Find the line with "222 CHRISTOPHER STREET" in the records below. Output exactly from there until after the line with "If you want", without pictures.
[Provided entries]
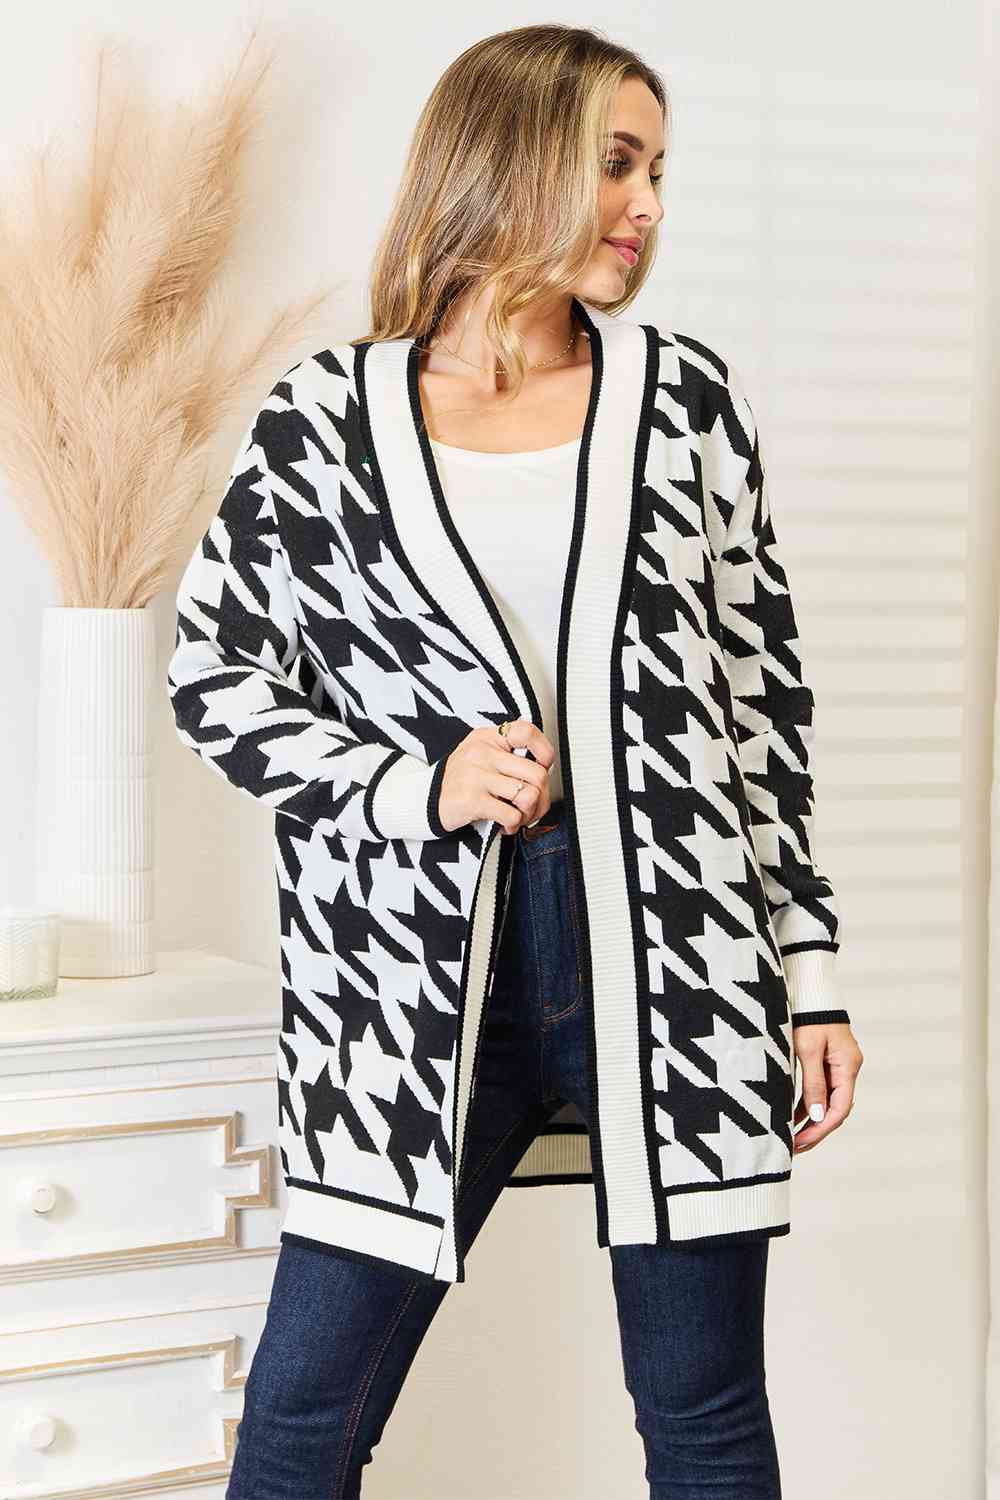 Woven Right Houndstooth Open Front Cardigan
[/Provided entries]
[Provided entries]
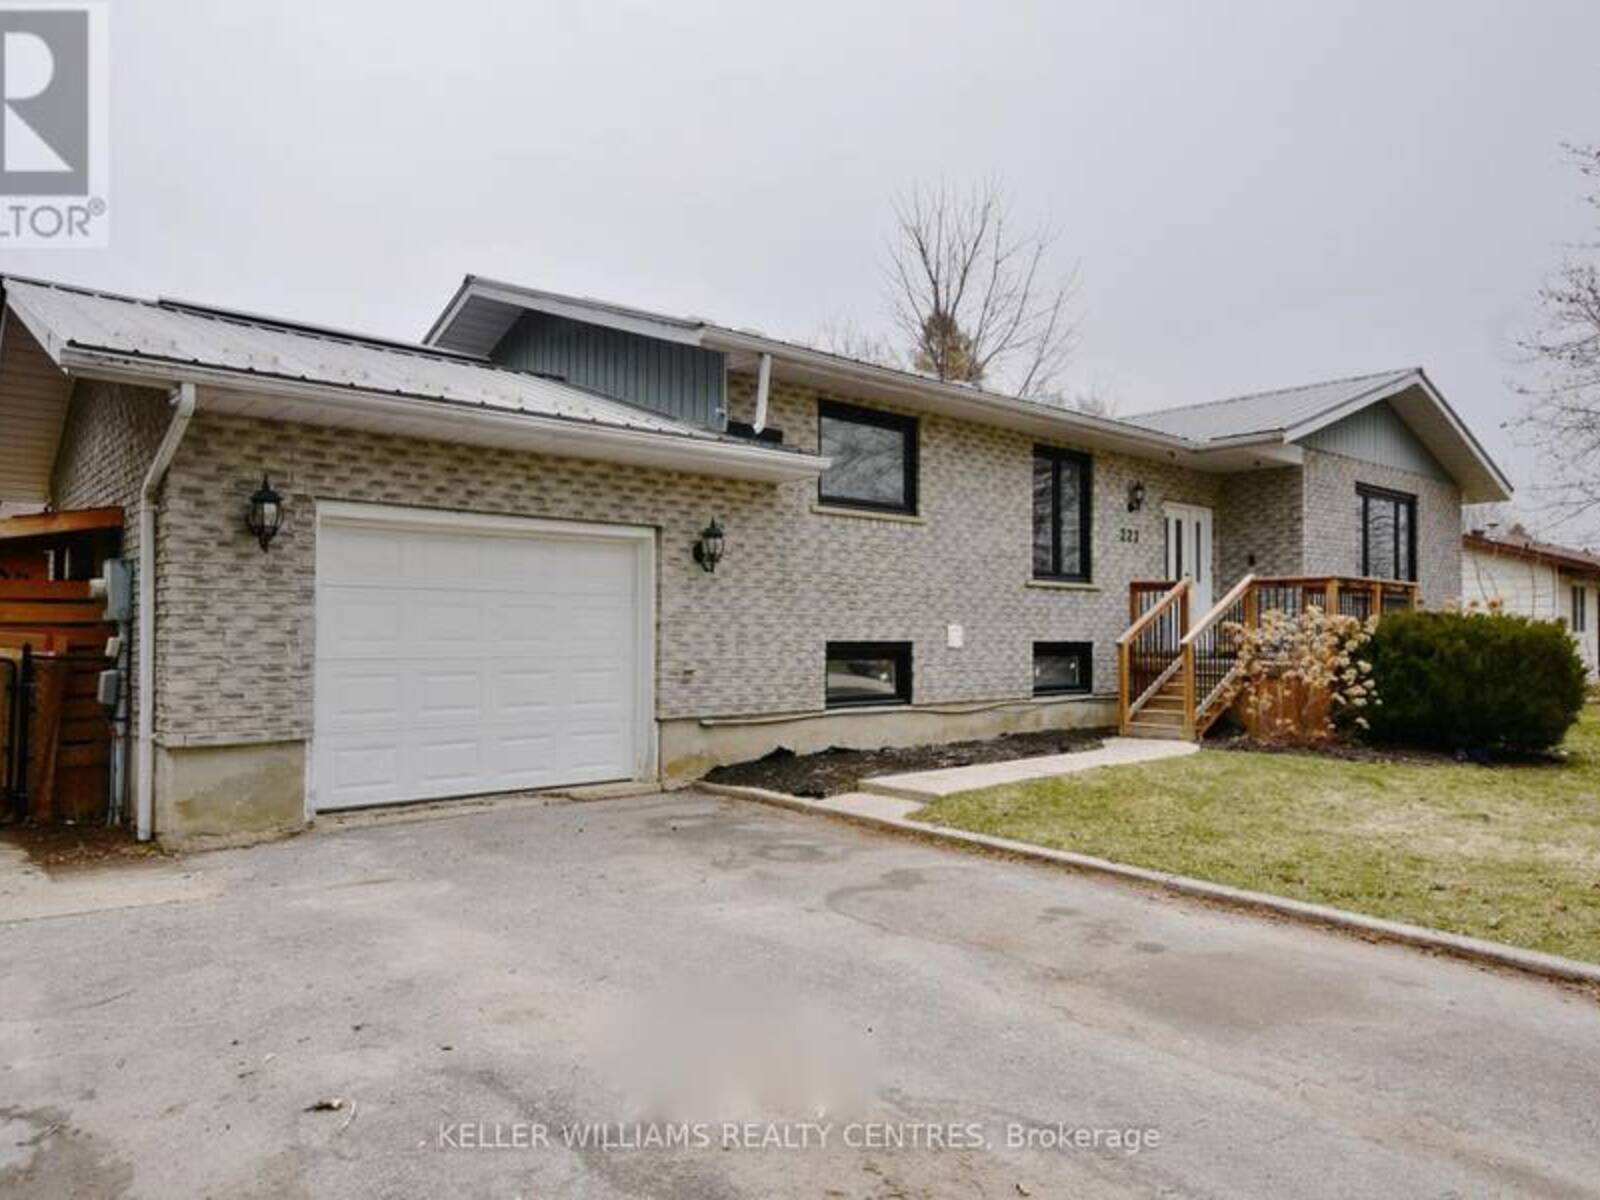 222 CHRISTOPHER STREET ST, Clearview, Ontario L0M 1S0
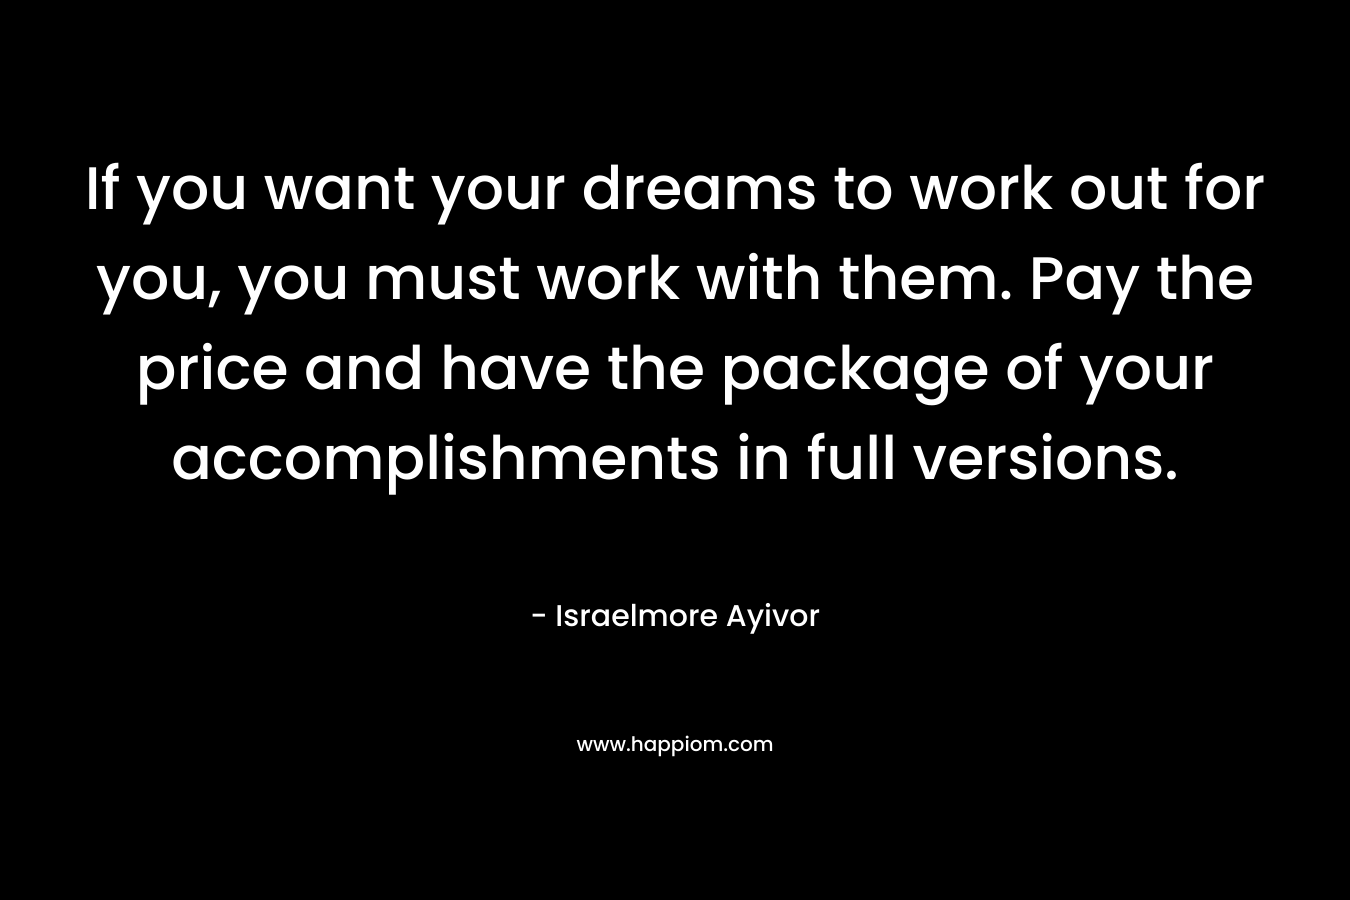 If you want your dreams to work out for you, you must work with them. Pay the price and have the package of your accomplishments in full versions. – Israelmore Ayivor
[/Provided entries]
[Provided entries]
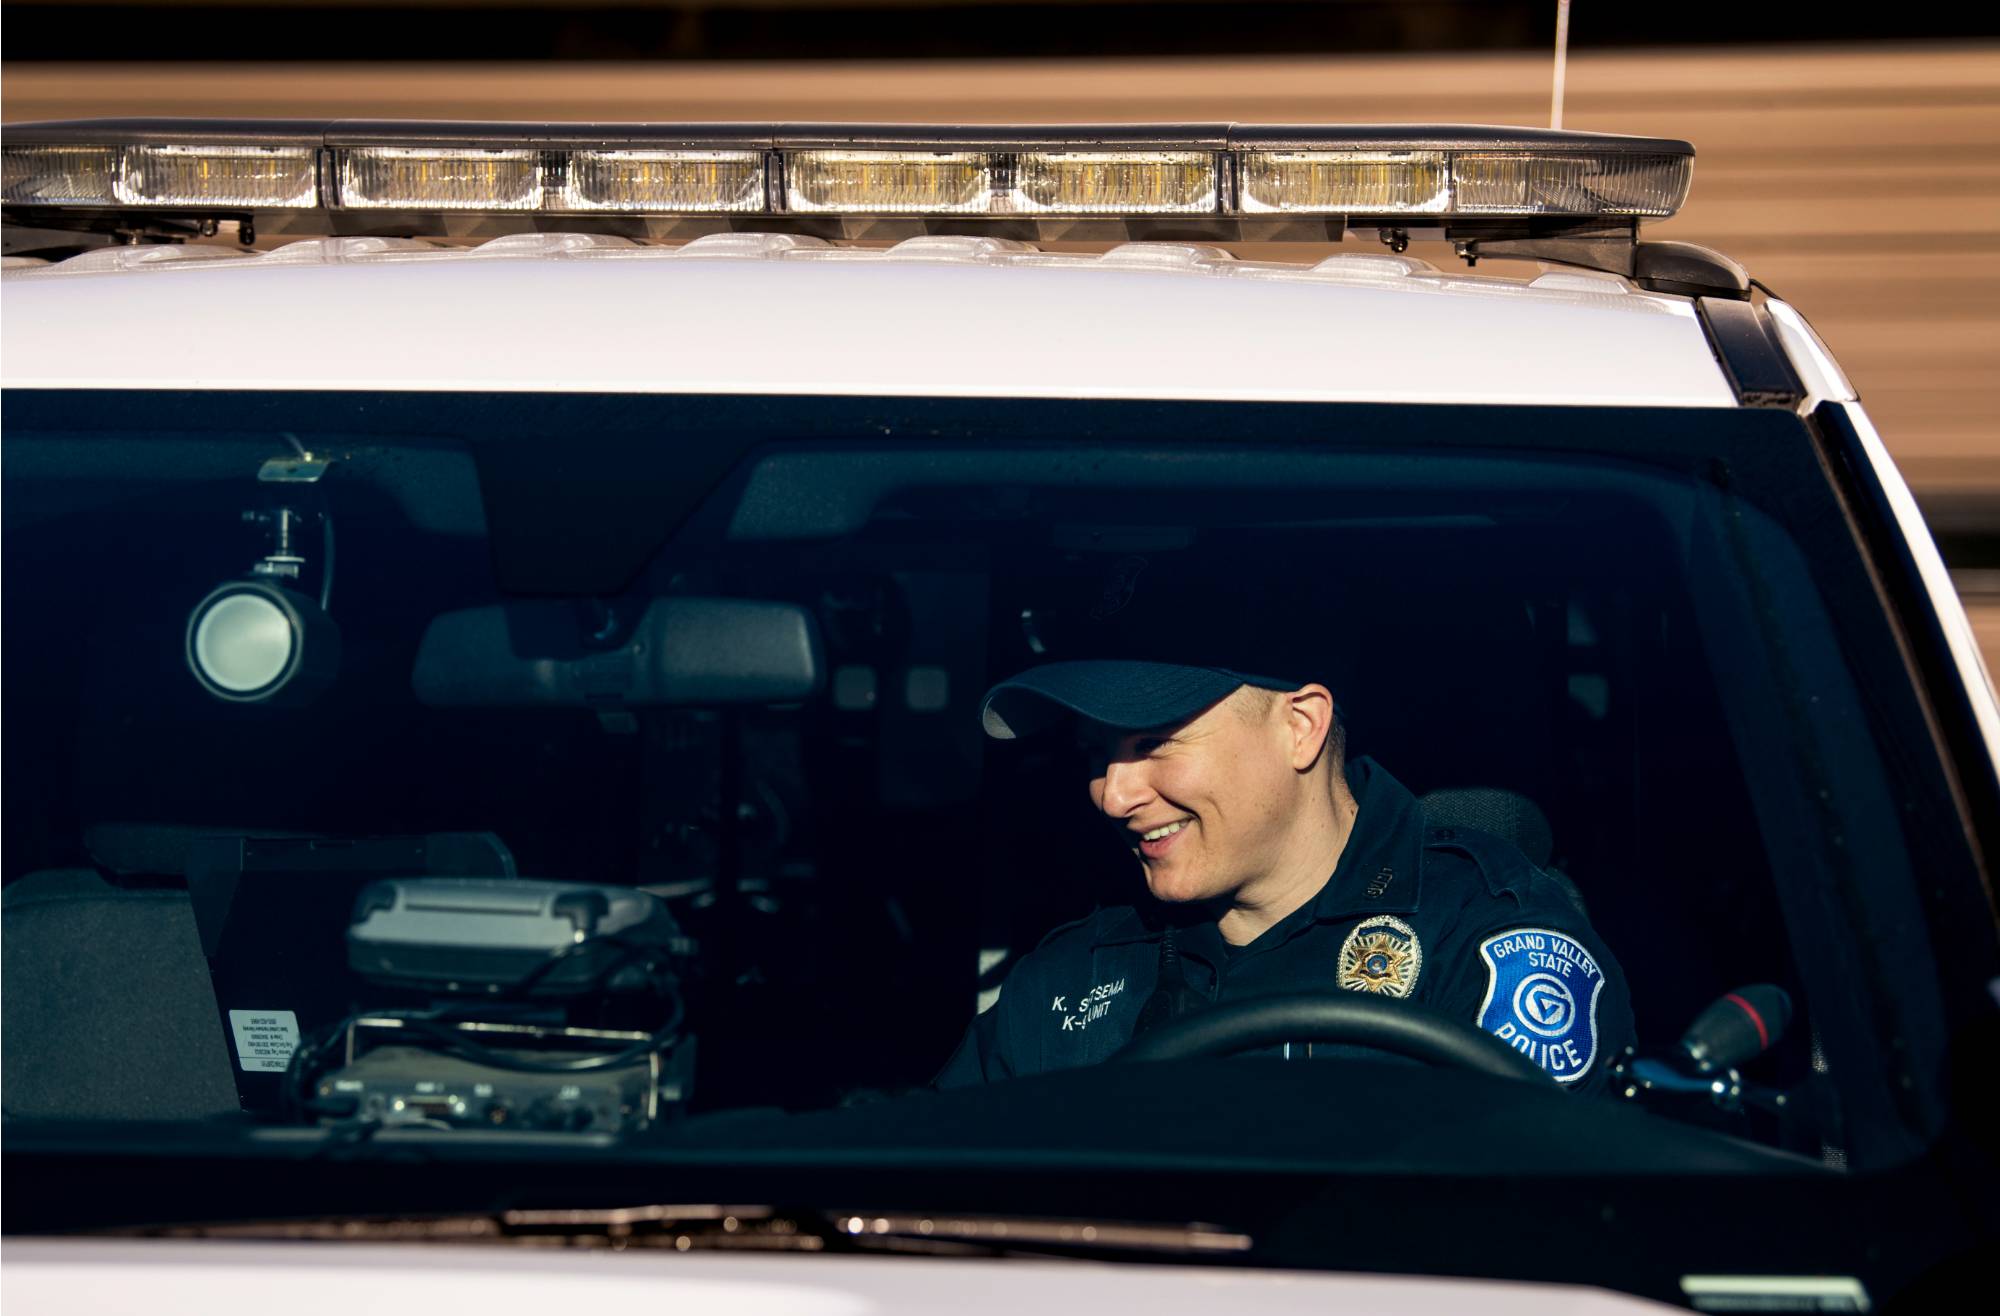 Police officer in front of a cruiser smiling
[/Provided entries]
**Result for this exercise:**
 222 CHRISTOPHER STREET ST, Clearview, Ontario L0M 1S0
 If you want your dreams to work out for you, you must work with them. Pay the price and have the package of your accomplishments in full versions. – Israelmore Ayivor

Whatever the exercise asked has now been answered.